What a drug addict can do for society

I’m speaking from my experience. I’ve seen it countless times. An addict, that stereotype drug addict on the street, a prostitute, a thief, someone who commits crimes, and has used every person that ever came near them.

The person that I just described has tremendous potential. Inside them lies experience, strength and will power that if ignited, if realized, would re-birth a human being that’s stronger, smarter, and more intuitive than before they were consumed by their addiction. Someone who has gained an understanding of a life that is pure suffering and how an innocent child or an adolescent can slip into the addictive process long before they are aware they are becoming a drug addict/alcoholic.

No addict “chose that lifestyle.” Addiction doesn’t happen overnight. It is a cunning process that starts within the brain and slowly becomes stronger over years or decades. As the symptoms of the addiction start to become apparent to everyone else in the addict’s life, their family and friends might start to express concern. The addict “knows” that they can’t possibly be a drug addict/alcoholic because society has told them that these are “weak” and “bad” people. Hence, every time another addictive tendency surfaces the addict constructs one more defense mechanism to deny or justify it.

Defense mechanisms are the foundation of addictive thinking. Anyone who has ever known someone in active addiction can tell you that it is amazing and scary how a drug addict thinks. This is because, slowly over time they have added these defense mechanisms to their cognitive schema, or their thought process. Little by little these defense mechanisms are added, because the addiction is taking over, but the addict knows they are not the stereotype low-life that society has said that drug addicts are. They are real people living among family and friends; holding jobs, and raising kids.

The stigma of addiction (of any type) keeps people in the dark for too long. In time the addiction progresses (it always progresses) and the power of choice is lost before the addict is aware that they are an addict (I’m referring to all types of addiction, including alcoholism).

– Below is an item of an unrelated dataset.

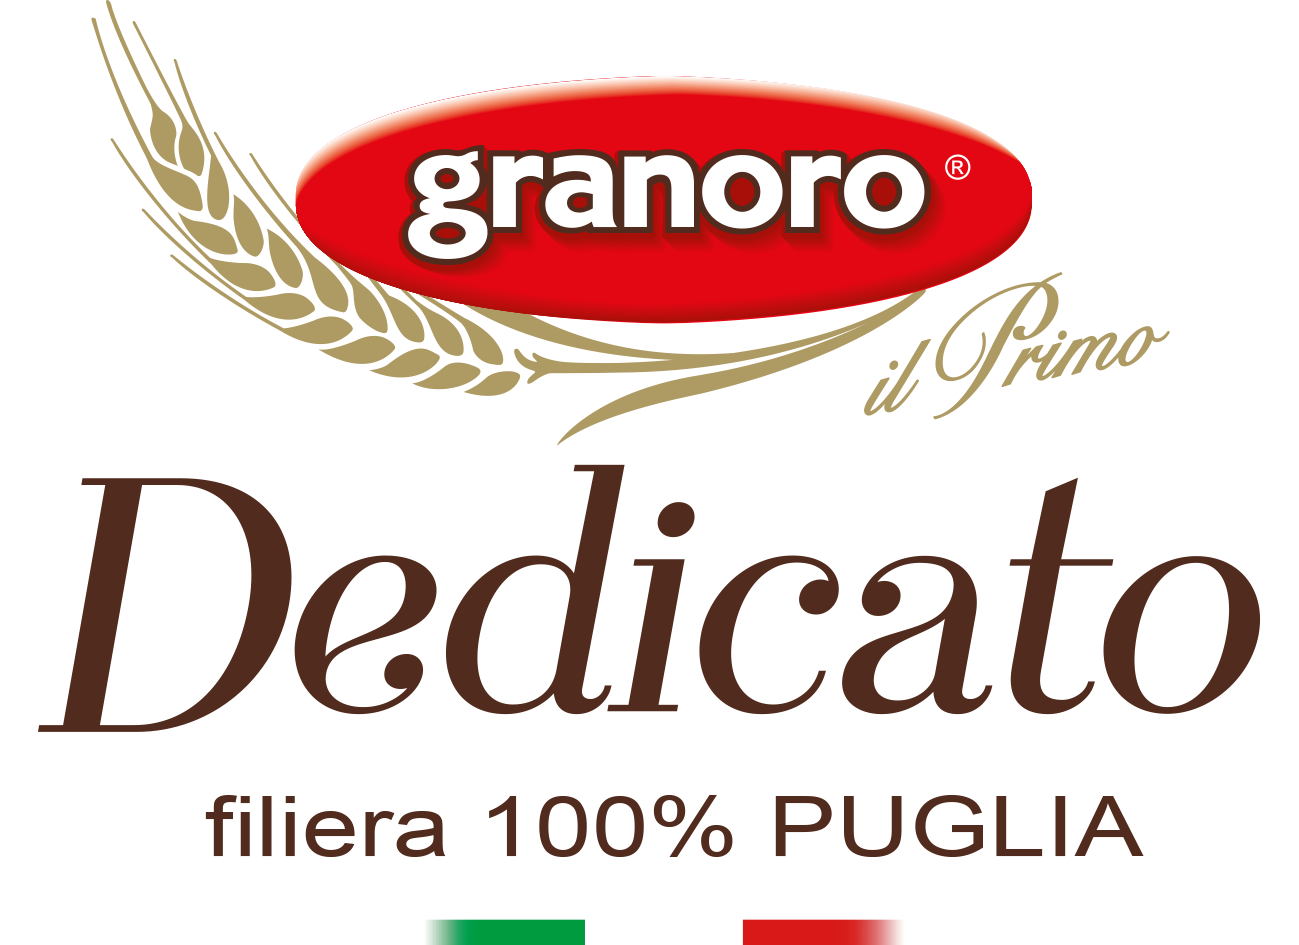 VALORIZZARE IL MADE IN PUGLIA: GRANORO AL CIBUS CONNECT DI PARMA

Now let’s fast forward to recovery. Because there’s no other option, besides death. They say institutions are an option, but that’s only temporary and let’s be honest, drugs seem to make their way into institutions pretty easily. Many institutions also offer recovery programs within them as well. So those of you who think that drug addicts are going to live off the system for the rest of their lives are really inaccurate. With the potency of the drugs on the streets of Dayton and Cincinnati Ohio there are only two options: death or recovery. Housing these individuals in prison and jail without treatment options is the only way they can prolong the time that they are “living on taxpayer dollars.” Getting people into recovery sooner will get them back into society sooner.

And now we have the individual I mentioned earlier, with tremendous insight, awareness, and passion that is fueled by a gratitude for life and the little things that the average person will never have. Addicts in recovery have a perspective on daily life that is so positive and hopeful, because they know how to be happy with the things that the “average Joe” takes for granted. These are people who want to give back, help other struggling addicts and reintegrate into their families, communities and into society.

These are the individuals who can REALLY fight this opioid epidemic as well as all other forms of addiction. These are the ones who can help to education the community, the younger generations, and politicians on what helps, what works, and what does not.

It’s time that we throw away all of our old beliefs about addiction and get ready to start making progress. The old way doesn’t work. Stigmatizing addicts, medication assisted treatment and constricting them from receiving treatment, punishing them more and letting them die are all old ways of thinking that are fueling the problem. How do I know this? Because it’s getting worse. Despite the overwhelming number of deaths in Ohio, the epidemic is getting worse, so we are doing something wrong as a society. If you think this doesn’t apply to you, you’re wrong. Addiction permeates all socioeconomic classes, every cultural background and every corner of society. And whether you like it or not, your tax payer dollars are funding the penal system. So let’s get people out of the system, into treatment and give them the opportunity to live healthy productive lives as meaningful members of society.